Breast angiosarcoma is a very rare clinical entity with a very poor prognosis due to its high rates of local and distant recurrence. The young age at the time of diagnosis of most primary angiosarcomas and the low incidence of both primary and secondary angiosarcomas together with the difficulties in their diagnosis cause diagnostic delays that condition their survival. Its diagnosis continues to be a challenge due to its non-specificity from the clinical, radiological and histological point of view. The intense familial aggregation of cancer in these families may be reflecting a genetic predisposition so far little studied.

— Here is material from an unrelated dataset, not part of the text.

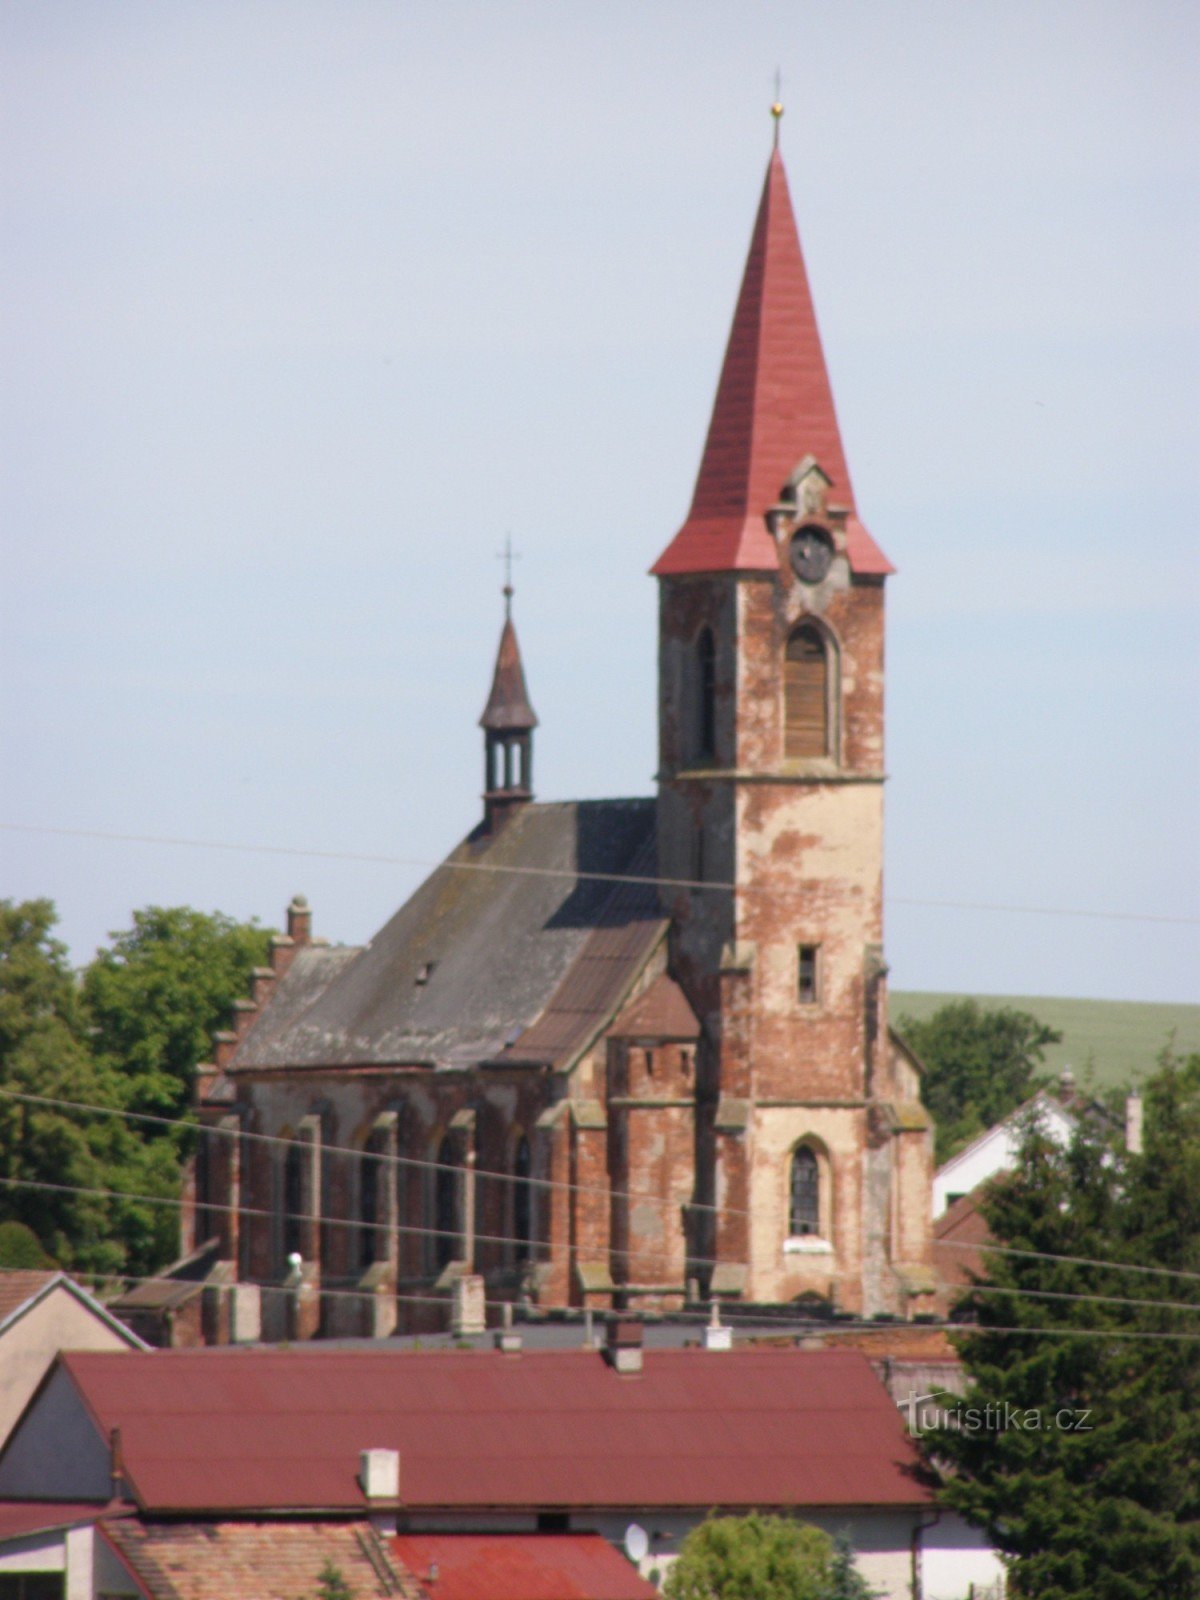 Suchá - Biserica Sfintei Treimi

Advances in clinical genetics, molecular genetics and sequencing techniques should allow us to investigate and deepen the genetic susceptibility of breast angiosarcomas. It is important to know this genetic susceptibility in order to be able to select those patients with a higher risk of radiation-induced carcinogenesis and thus consider substituting radiotherapy for other alternative therapies with similar survival rates, as is the case of mastectomy versus more conservative approaches in selected cases.